Por Alba Ermida
7 cajas del tándem de realizadores Juan Carlos Maneglia y Tana Schémbori no es una película de acción cualquiera. Más allá del conflicto que vertebra la historia –Víctor tiene que entregar las siete cajas intactas para obtener a cambio 100 dólares-, la película gana en originalidad porque se esfuerza en hacer aflorar entre persecución y obstáculo temas que singularizan el espacio, la propia historia y, desde luego, a los personajes.
Ambientada en un mercado de un barrio pobre de la capital paraguaya, la película se nutre constantemente de ese hábitat, sórdido, corrupto, mísero, para crear la trama y justificar los comportamientos de los personajes. De hecho, uno de los elementos de construcción del filme que llaman la atención es la ausencia de juicios de valor para con los personajes. La pobreza es la motivación de sus actos, no hay un tono moralizante en el desarrollo ni en el final de la cinta. Los realizadores consiguen con soltura rellenar la trama con las causas, con el ambiente, no siempre abanderando la miseria como arma para crear compasión. Hay situaciones divertidas, curiosas, enseñadas con humor, que dejan ver menos manipuladoramente las carencias, necesidades e injusticias que sufren las personas de los barrios pobres de Latinoamérica. Eso sí, el final sin pretensiones ni histrionismos hollywoodenses: el que nace en barrio pobre, muere en barrio pobre, y el máximo sueño alcanzable es salir en la televisión durante el reportaje de un crimen.

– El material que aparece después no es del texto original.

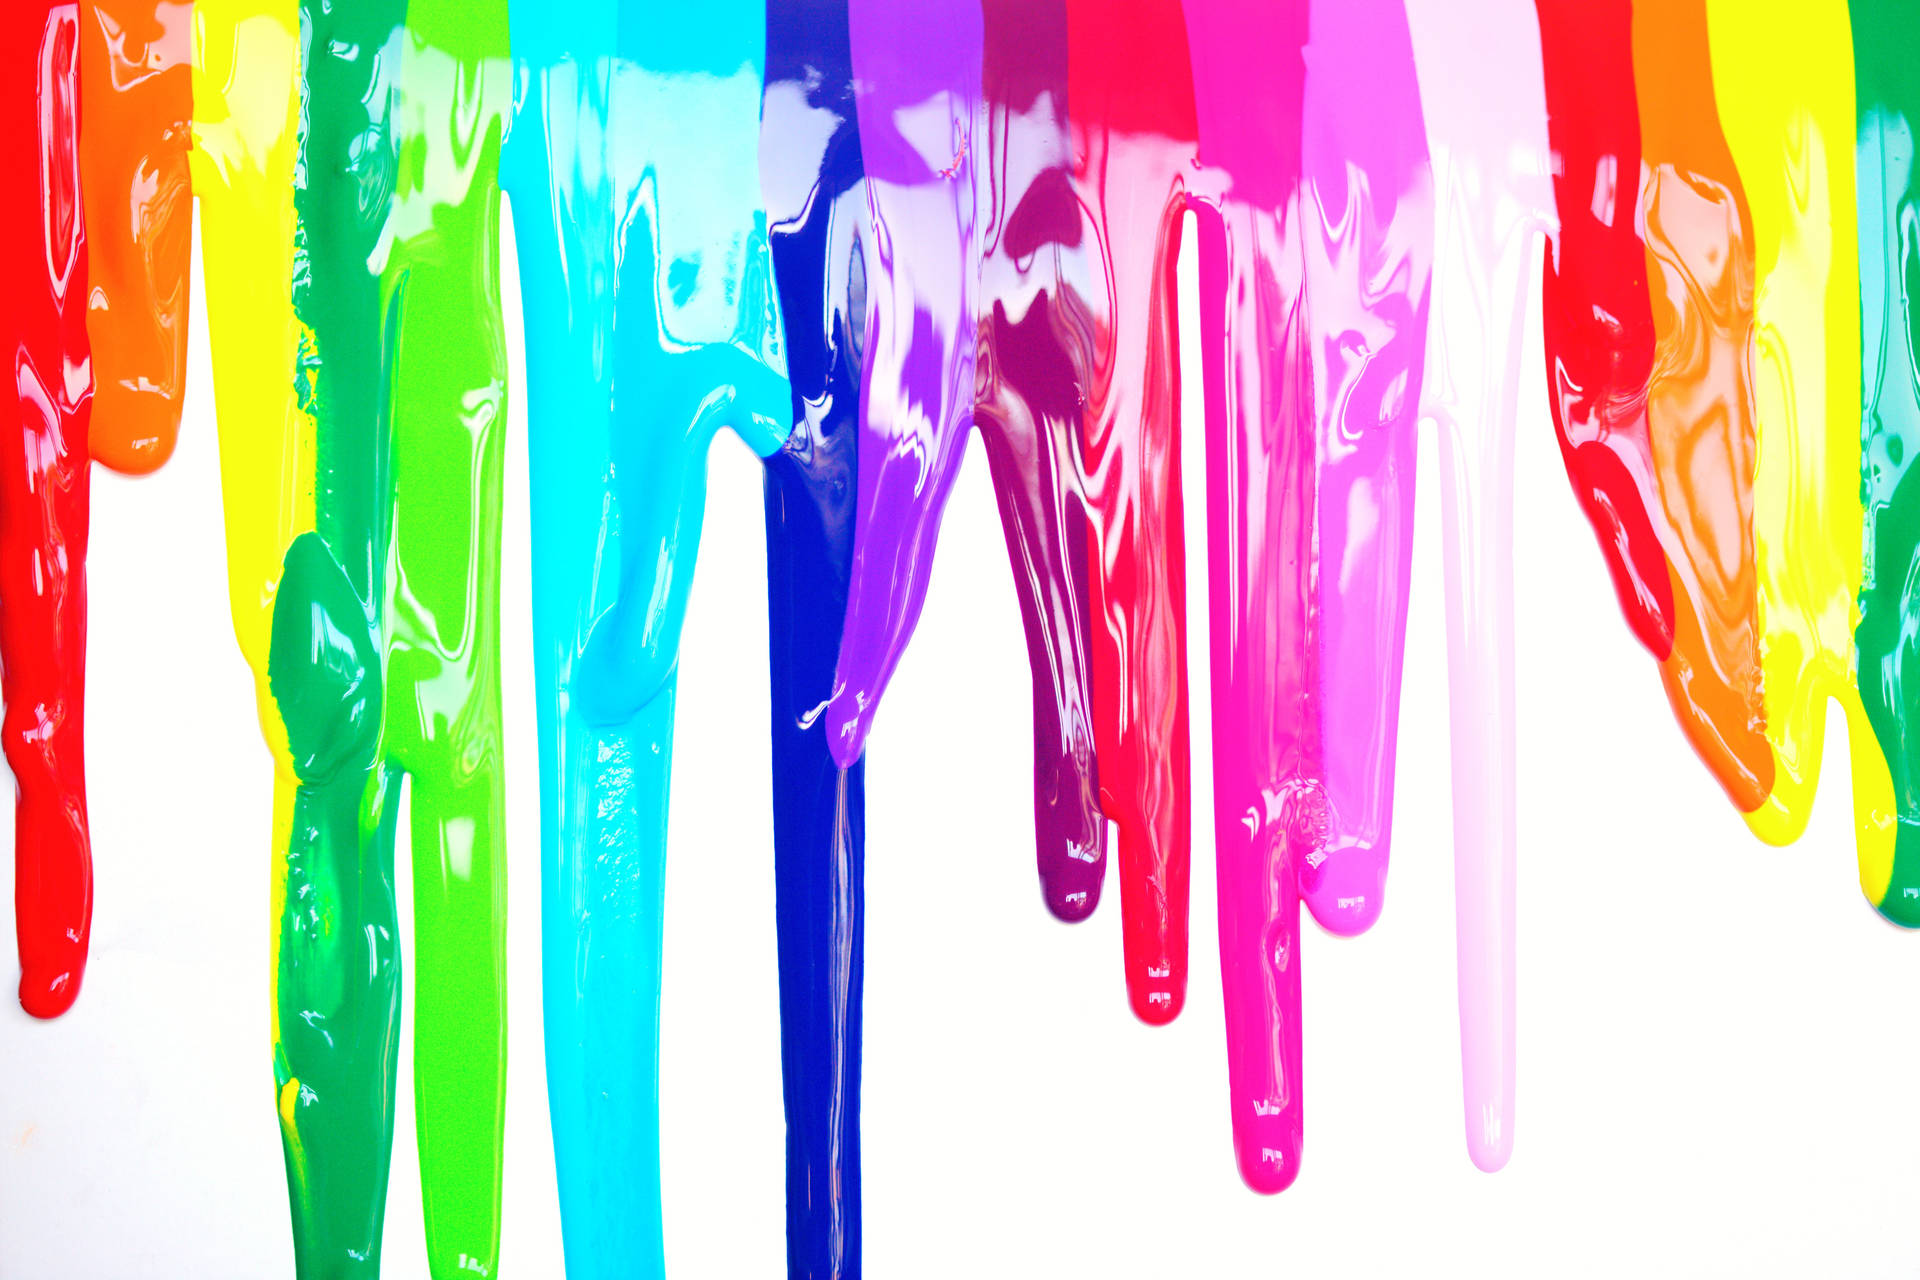 Colorful 5616X3744 Wallpaper and Background Image

También la estructura del guion está bien construida: Víctor no lo tiene fácil para hacer llegar las 7 cajas a su destino. A lo largo del día que dura el relato la sucesión de contratiempos y accidentes haría desistir a cualquiera. Su voluntad lo puede todo.
La estética de la cinta es otro punto relevante. Un montaje que disturba un poco al inicio y una elección de planos que responde más a una decisión estética que a una voluntad narrativa, mezclado con una iluminación que recuerda por momentos a un videojuego. El travelling inicial a cámara rápida nos anticipa los espacios por los que la trama va a acontecer y termina en el ojo del protagonista, que verá y vivirá todo de primera mano. Y el broche se lo lleva el idioma: en una industria cada vez más ortodoxa donde el dinero manda, rodar una película en guaraní tiene todo el mérito.